Teams of horses and hand labor built and maintained roads, a process that primarily meant spreading gravel or digging drainage ditches. Rather than appropriating a specific sum in the budget for highways, the town meetings usually voted "To leave the amount to raise for highways and bridges with the selectmen." In 1889, the Town bought a "road machine," probably a horse-drawn grader, which was also rented at a rate of $7.50 per day to adjacent towns. Apparently the machine worked well, because the News-Letter correspondent reported in August, "Said a visitor the other day, Hampton's magnificent roads are as much a source of pride to all who ride over them as to her own public-spirited citizens...." In 1894, the reporter commented,

Road machines are of questionable value in the opinion of some. One or two short stretches of the highway are somewhat soft and sandy. These places should, of course, be covered with gravel. But the machine makes the driveways wider, smoother and rounder in the middle. Nearly all of the roads in town were well repaired, in fact, made new with the machine last year, making smooth durable tracks at once for pleasure summer driving. The advocates of giving up the machine and then gravelling all of the highways should consider first the two serious facts -- the expensive taxation and the years of labor to make good gravel road beds over the whole town. A competent and experienced civil engineer says it would cost more than $25,000 and under the old free and easy system of working out the district road tax, at least $40,000. Too much tax, too much debt!

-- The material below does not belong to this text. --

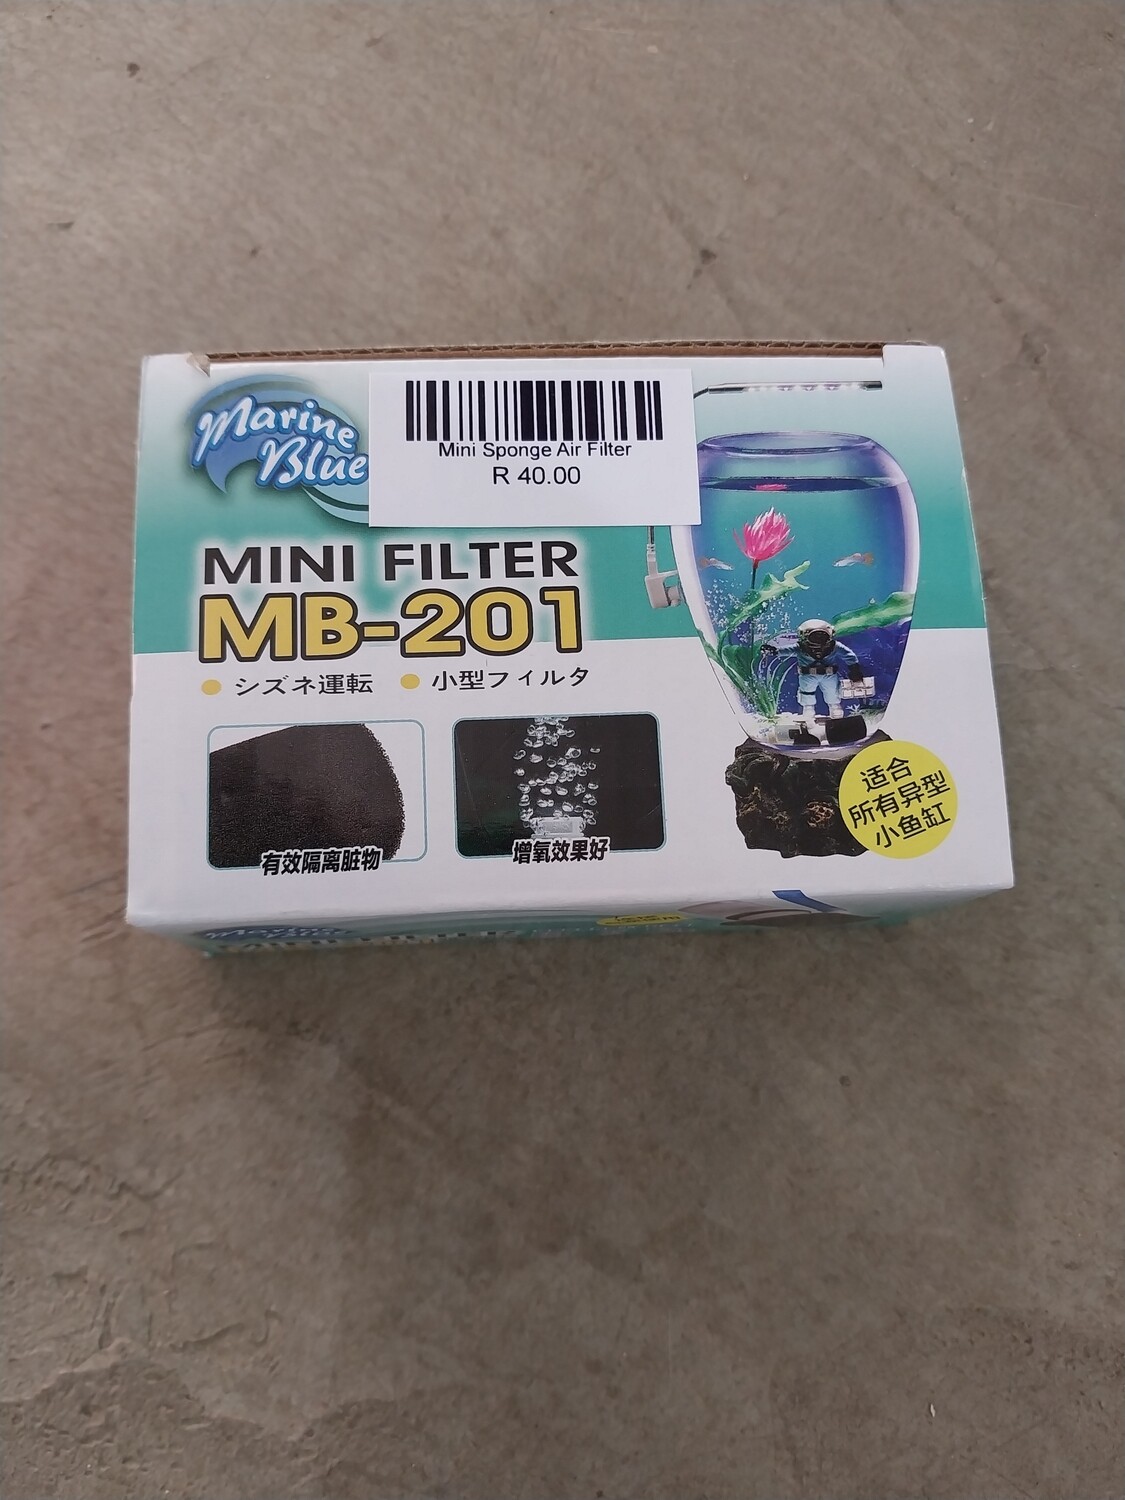 Mini Sponge Air Filter

Snow removal was unknown; instead, men dug "snow paths" for pedestrians and sleighs. Snow rollers were also used to compress the snow, and about 1893, hotel owner O. H. Whittier bought a snowplow, which was drawn by teams to clear snow from Village streets. Probably the town road machine was also used for clearing snow.

In 1892, the year the Town built the "sea side highway" from Winnacunnet Road to North Beach, the highway expense was $3,814, including $2,900 for the new road, $150 for a building to house the road machine, and $354 for making snow paths. That same year, the Town indefinitely postponed an article that would have required the payment of highway taxes in cash.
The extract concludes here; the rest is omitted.